Then, I can get rid of country ID and County variables.
Removing Variables
school_teacher_data <- select(school_teacher_data, CNTSCHID, CNTTCHID, FRPL, COB_TECH, HIGH_EDU)
summary(school_teacher_data)
CNTSCHID CNTTCHID FRPL COB_TECH
Min. :84000001 Min. :84000001 Min. :1.000 Min. :1.000
1st Qu.:84000047 1st Qu.:84000942 1st Qu.:3.000 1st Qu.:1.000
Median :84000088 Median :84001888 Median :3.000 Median :1.000
Mean :84000088 Mean :84001889 Mean :3.435 Mean :1.052
3rd Qu.:84000131 3rd Qu.:84002838 3rd Qu.:4.000 3rd Qu.:1.000
Max. :84000175 Max. :84003779 Max. :5.000 Max. :2.000
NA's :539 NA's :1742
HIGH_EDU
Min. :1.000
1st Qu.:3.000
Median :4.000
Mean :3.655
3rd Qu.:4.000
Max. :5.000
NA's :696
Changing the label of the variables
school_teacher_data$FRPL <- factor(school_teacher_data$FRPL,
levels = c(1:5),
labels = c("Less than 10 percent", "10 to 24.9 percent", "25 to 49.9 percent", "50 to 74.9 percent", "75 percent or more")
)
school_teacher_data$COB_TECH <- factor(school_teacher_data$COB_TECH,
levels = c(1:2),
labels = c("United States", "Other Country")
)
school_teacher_data$HIGH_EDU <- factor(school_teacher_data$HIGH_EDU,
levels = c(1:5),
labels = c("High school and/or some college courses", "Associate's degree", "Bachelor's degree", "Master's degree", "Doctoral or professional degree")
)
summary(school_teacher_data)
CNTSCHID CNTTCHID FRPL
Min. :84000001 Min. :84000001 Less than 10 percent: 119
1st Qu.:84000047 1st Qu.:84000942 10 to 24.9 percent : 415
Median :84000088 Median :84001888 25 to 49.9 percent :1072
Mean :84000088 Mean :84001889 50 to 74.9 percent : 810
3rd Qu.:84000131 3rd Qu.:84002838 75 percent or more : 571
Max. :84000175 Max. :84003779 NA's : 539
COB_TECH HIGH_EDU
United States:1691 High school and/or some college courses: 11
Other Country: 93 Associate's degree : 12
NA's :1742 Bachelor's degree :1013
Master's degree :1700
Doctoral or professional degree : 94
NA's : 696
Everything worked!!
However, our proposal contains a lot of school and teacher variables.
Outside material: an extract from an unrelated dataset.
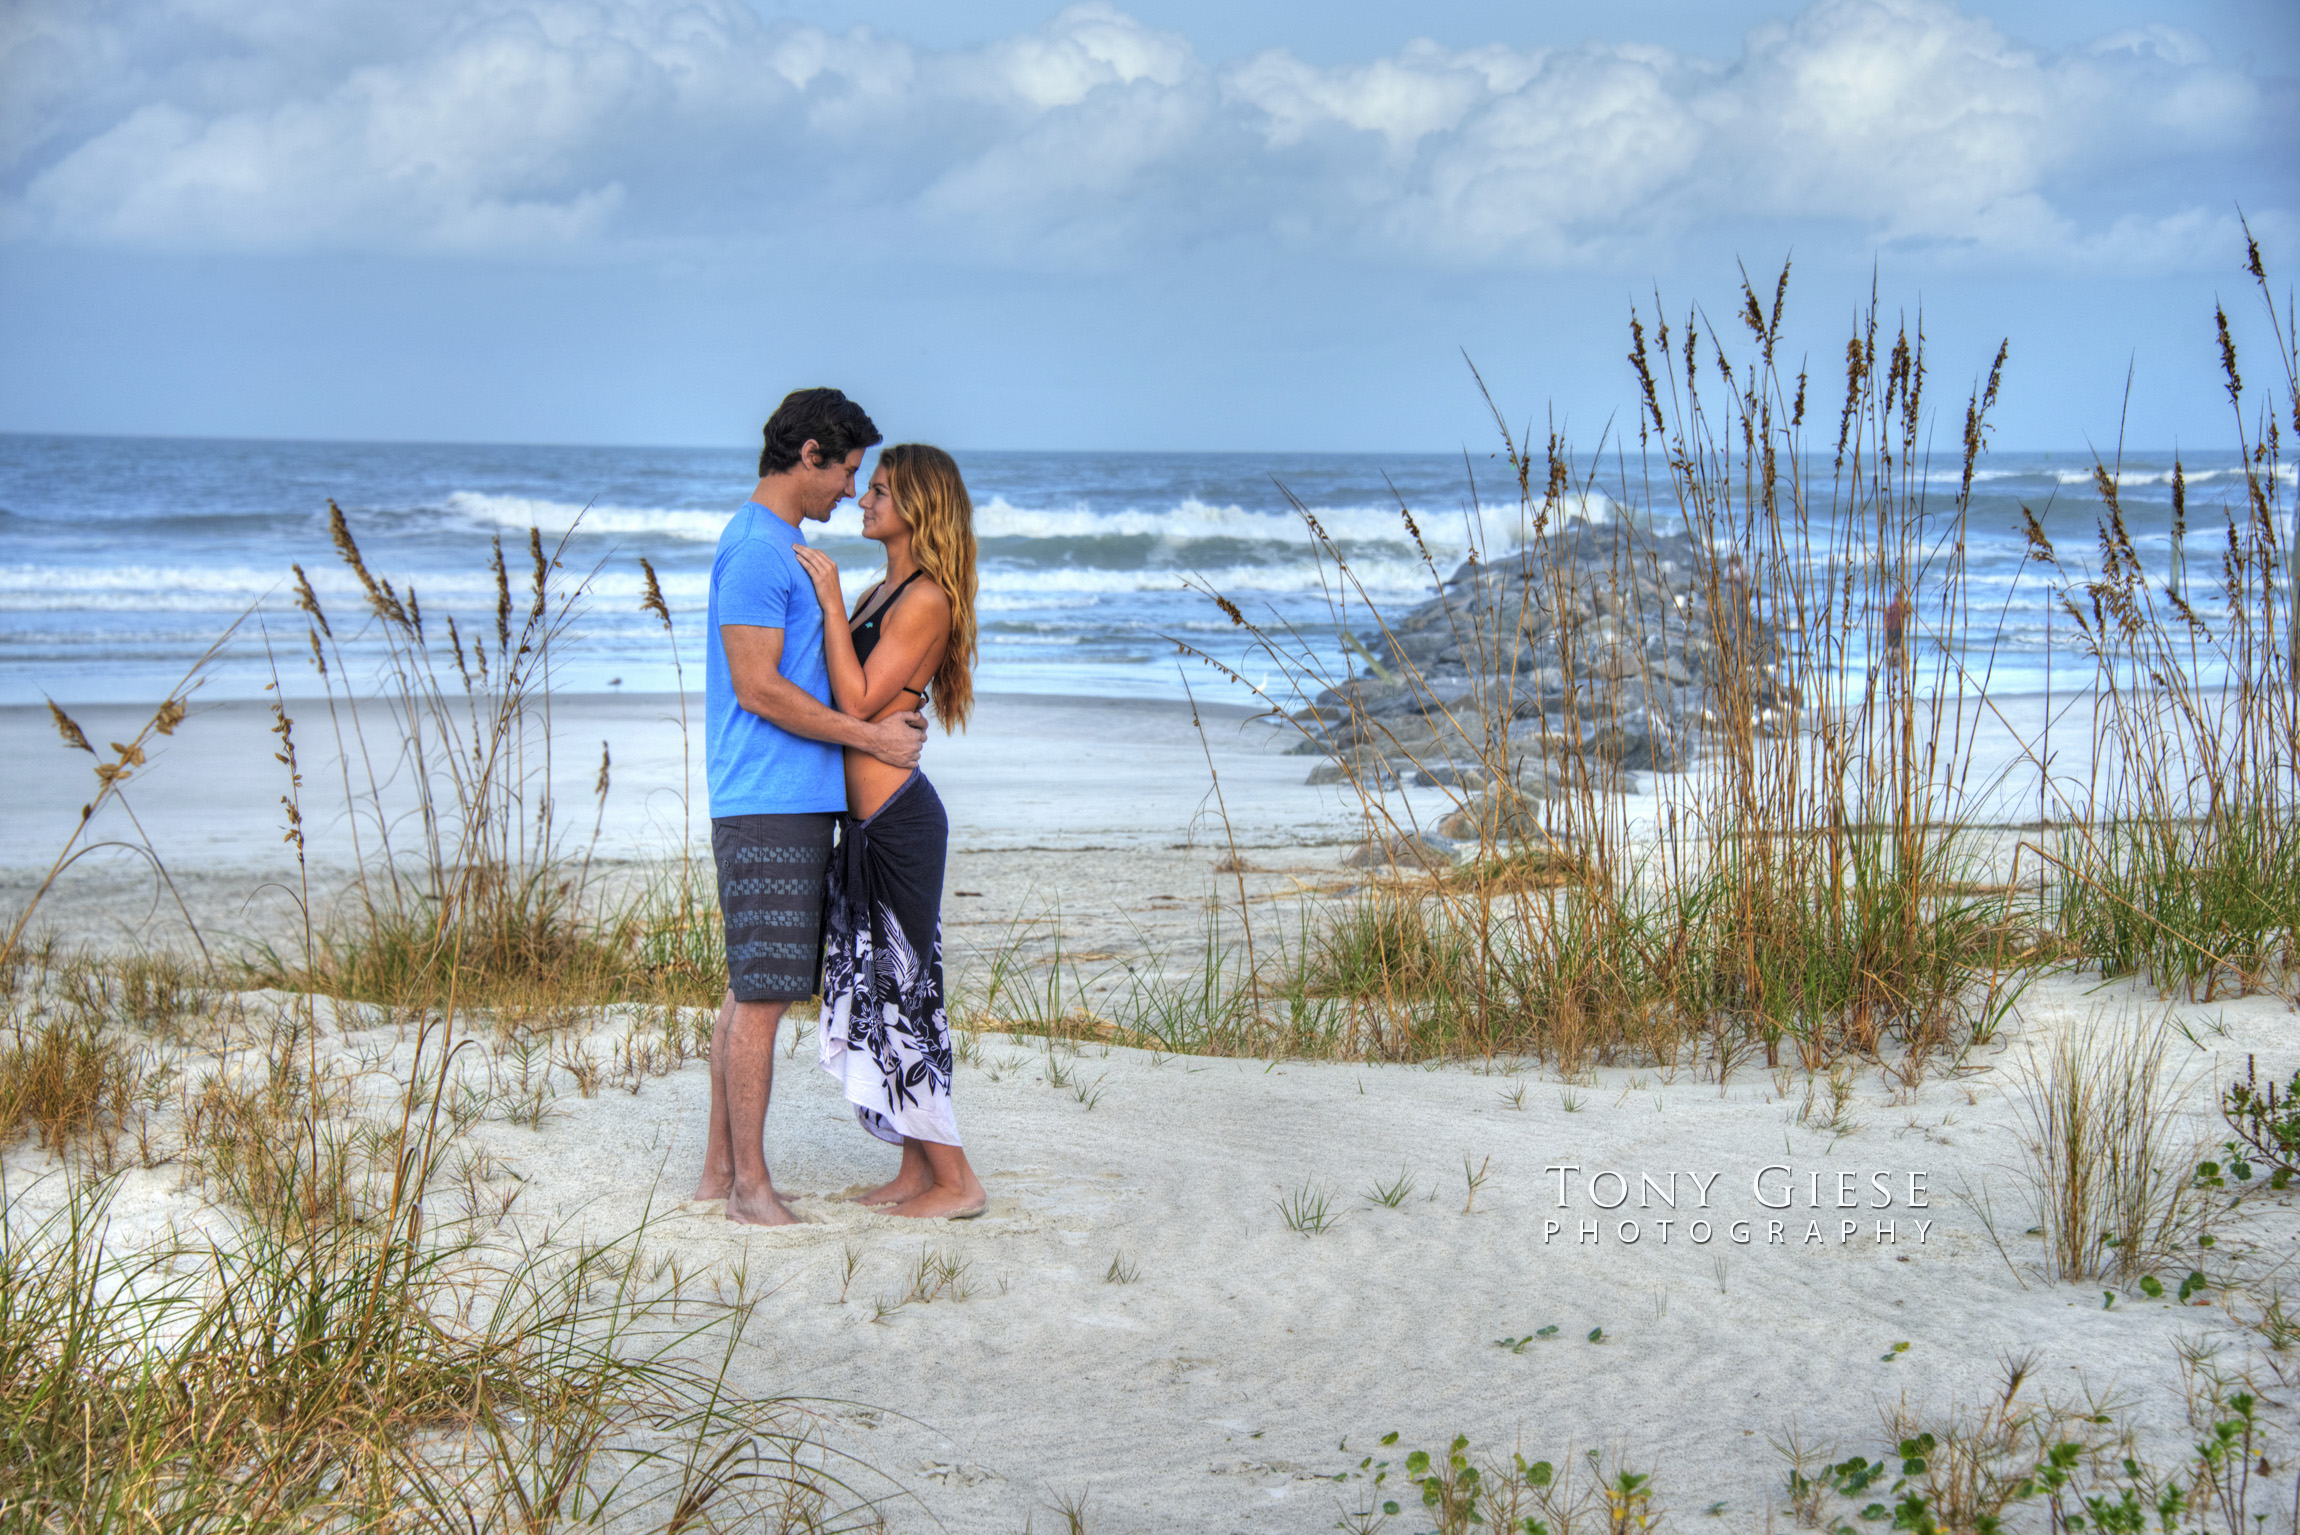 Capturing those great romantic moments on New Smyrna Beach.

The data sets we have worked on so far provided us almost all student
level variables, but not as many in terms of teachers and students. I
have .SPSS files for both school and teacher data sets. Now, I am going
to load student and teacher data sets and merge them with the
school_teacher_data.
added_teacher_data <- read.spss("us_teacher_only.sav", to.data.frame = TRUE)
str(added_teacher_data)
'data.frame': 3526 obs. of 14 variables:
$ CNTRYID : num 840 840 840 840 840 840 840 840 840 840 ...
$ CNT : chr "USA" "USA" "USA" "USA" ...
$ CNTSCHID : num 84000144 84000011 84000084 84000082 84000161 ...
$ CNTTCHID : num 84000001 84000002 84000003 84000004 84000005 ...
$ TC_SEX : Factor w/ 2 levels "Female","Male": 2 2 2 1 1 1 NA 2 2 1 ...
$ TC_AGE : Factor w/ 51 levels "20","21","22",..: 27 39 13 15 3 19 NA 5 22 7 ...
$ TC_STATUS : Factor w/ 4 levels "Full-time (more than 90% of full-time hours)",..: 1 4 1 1 1 1 NA 1 1 1 ...
$ TC_EXPERIENCE : Factor w/ 50 levels "0","1","2","3",..: 23 37 5 14 3 12 NA 2 18 6 ...
$ TC_TRAINING : Factor w/ 3 levels "Yes, a programme of 1 year or less",..: 2 2 1 3 3 2 NA 1 2 2 ...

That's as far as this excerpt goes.